Schweinsteiger: „Sehr nett“ / Was Worte sagen und Gesichter verraten

Dank aus München für den Bremer „Punkteklau“

So wird Druck gemacht: Torsten Frings (li.) und Petri Pasanen bedrängen Stefan Kießling, der – wie Bayer Leverkusen am Ende – einknickte.

Bremen - Von Carsten Sander · Jupp Heynckes sagte, er sei unzufrieden mit dem Ergebnis. Und sah doch glücklich aus. Thomas Schaaf sagte, er sei froh über den Punktgewinn. Und sah doch missmutig aus.

Es war ein bisschen paradox, was die Trainer von Bayer Leverkusen und Werder Bremen nach dem 2:2 (1:1) im Weserstadion an Worten und nicht dazu passender Mimik präsentierten. Es entstand der Eindruck, dass niemand wirklich seine ungetrübte Freude hatte an dem Ergebnis. Nur im fernen München herrschte pures Entzücken.

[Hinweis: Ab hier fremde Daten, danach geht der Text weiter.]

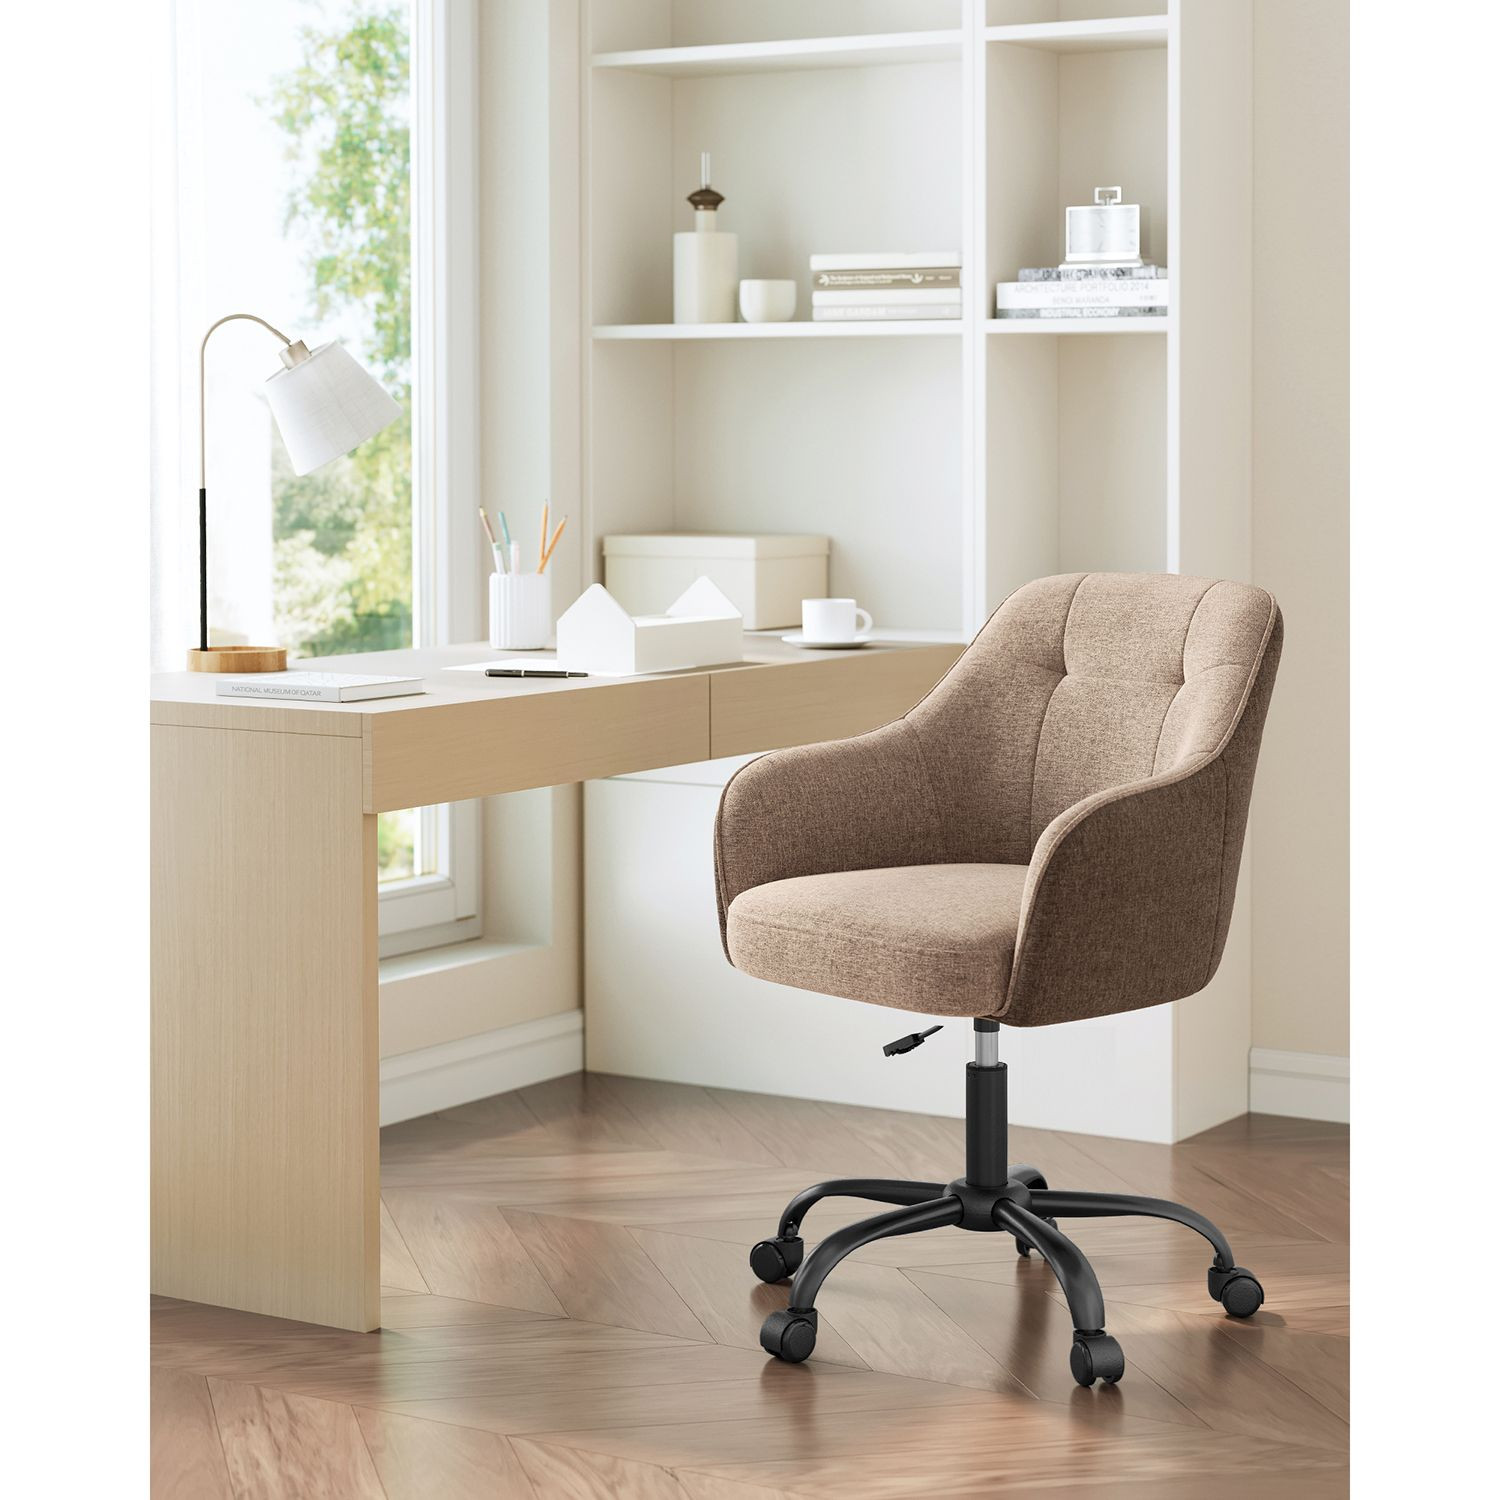 Kancelářská židle OBG019K01

Der FC Bayern bedankte sich gar per offizieller Belobigung bei den Bremern.

„Sie haben ihren Job gut erledigt“, sagte Nationalspieler Bastian Schweinsteiger und schickte besondere Liebesgrüße an seinen DFB-Kollegen Per Mertesacker, der Leverkusen mit seinem Treffer in der Nachspielzeit zwei schon sicher gelaubte Punkte entwendet hatte. „Es ist sehr nett, dass er uns ein bisschen geholfen hat“, feixte „Schweini“. Denn Mertesacker hatte nicht nur Werder vor einer Niederlage bewahrt, sondern auch das 1:1 der Bayern beim 1. FC Nürnberg vom dicken Patzer zum Ausrutscher ohne große Wirkung abgeschwächt.

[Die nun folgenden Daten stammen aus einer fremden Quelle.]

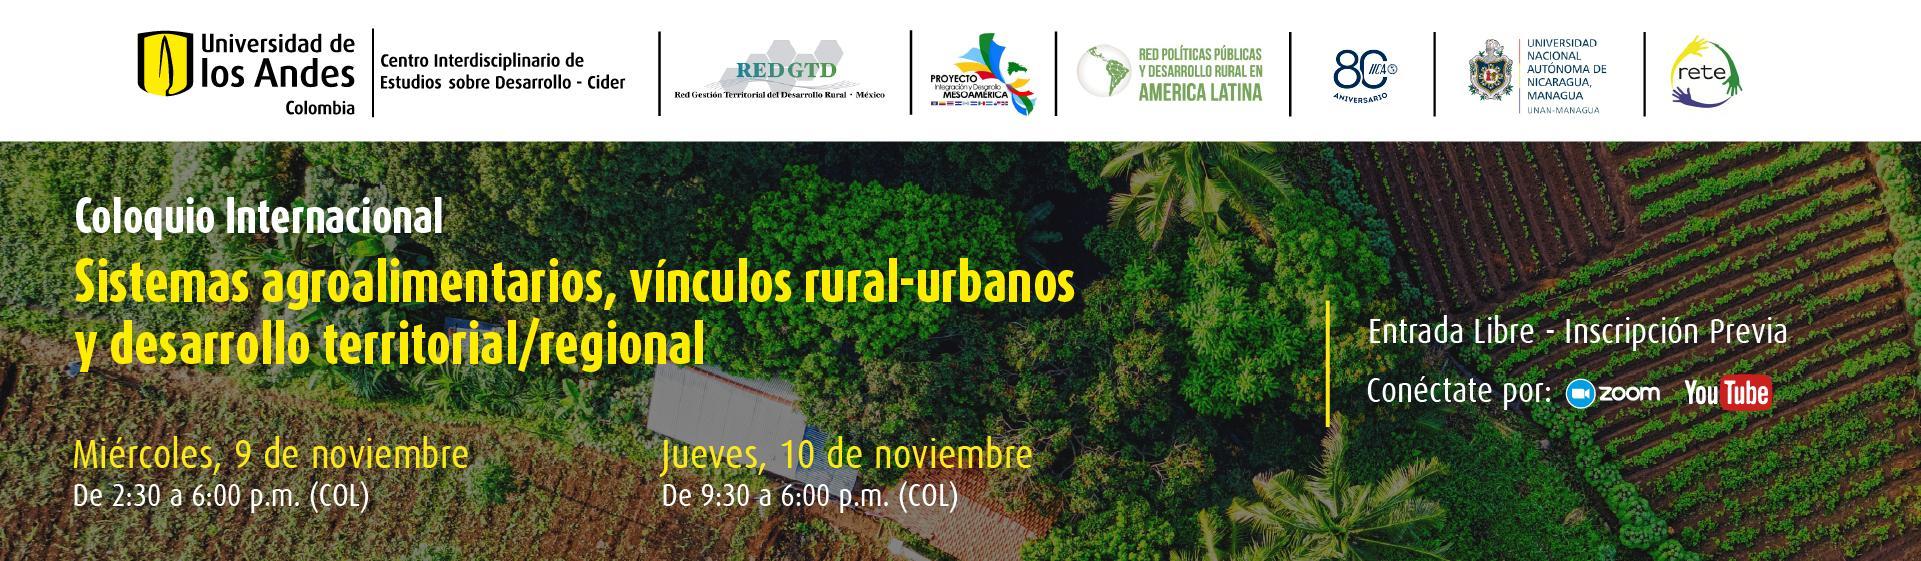 Coloquio Internacional. Sistemas agroalimentarios, vínculos rural-urbanos y desarrollo territorial/regional

Bayer und Bayern bleiben punktgleich, nur durch ein Tor getrennt. Alles läuft auf einen spannenden Zweikampf um den Titel hinaus. Werder wird ihn nur aus der gebotenen Distanz verfolgen. Denn dass die Bremer 14 Punkte hinter den Spitzenteams liegen, sei kein böser Zauber, sondern Ausdruck der Kräfteverhältnisse, meinte Mertesacker: „Wir wissen, dass es für uns zur Zeit nicht für ganz oben reicht.“

Warum? Weil die spielerischen Mittel, die das Team in der Hinrunde noch ausgezeichnet hatten, weitgehend abhanden gekommen sind. Und nur langsam zurückkehren. „Wir sind noch nicht auf dem Level, das wir erreichen wollen“, räumte Thomas Schaaf am Sonntag einmal mehr ein.

Dieser Punkt war wohl der Grund für die unterschiedliche Wirkung von Gesagtem und im Gesicht Gezeigtem. Der Verstand befahl Zufriedenheit über den letztlich glücklichen Punkt, das Gefühl mischte sich mit Ärger über den zu kurz geratenen Fortschritt ein.

Das Bremer Team hatte den Spitzenreiter zwar mit großer Moral sowie dem Mut der Verzweiflung in ein Remis gezwungen und Schaaf damit begeistert („Am Ende hat die Mannschaft befreit aufgespielt und richtig Druck entwickelt“), doch bis zum Schlussspurt war vieles Stückwerk geblieben.

Allerdings war Leverkusen – anders als die Bayern vier Wochen zuvor – auch nicht wie ein Tornado durch das Weserstadion gezogen. Die Werkself brauchte einen Freistoß von Eren Derdiyok (29.) und einen Distanzschuss von Toni Kroos (57.), um zu den eigenen Toren zu kommen. Spielerische Überlegenheit? Allenfalls gab es selbige in den ersten Minuten nach der Pause zu sehen. Der Vergleich mit dem, was die Münchner beim 3:2 im Weserstadion an fußballerischer Feinkost angeboten hatten, drängte sich auf. Leverkusen bestand ihn nicht. Was Heynckes aber nicht beunruhigte: „Werder ist nicht mehr die Mannschaft von vor einigen Wochen. Das Team ist im Aufwind“, sagte er und ließ durchblicken, dass die Enttäuschung nur dem unnötigen Gegentor durch Claudio Pizarro nach Rene Adlers schwerem Patzer (34.) und der Unaufmerksamkeit in der Nachspielzeit galt. Nicht aber der Punkteteilung. Heynckes: „Ich sehe das ganz gelassen. Wir bleiben vor den Bayern, und es wird schwer werden, daran etwas zu ändern.“ Das war die Kampfansage an den Rekordmeister. Das Spiel gegen Werder hatte der Trainer-Routinier in dem Moment schon abgehakt.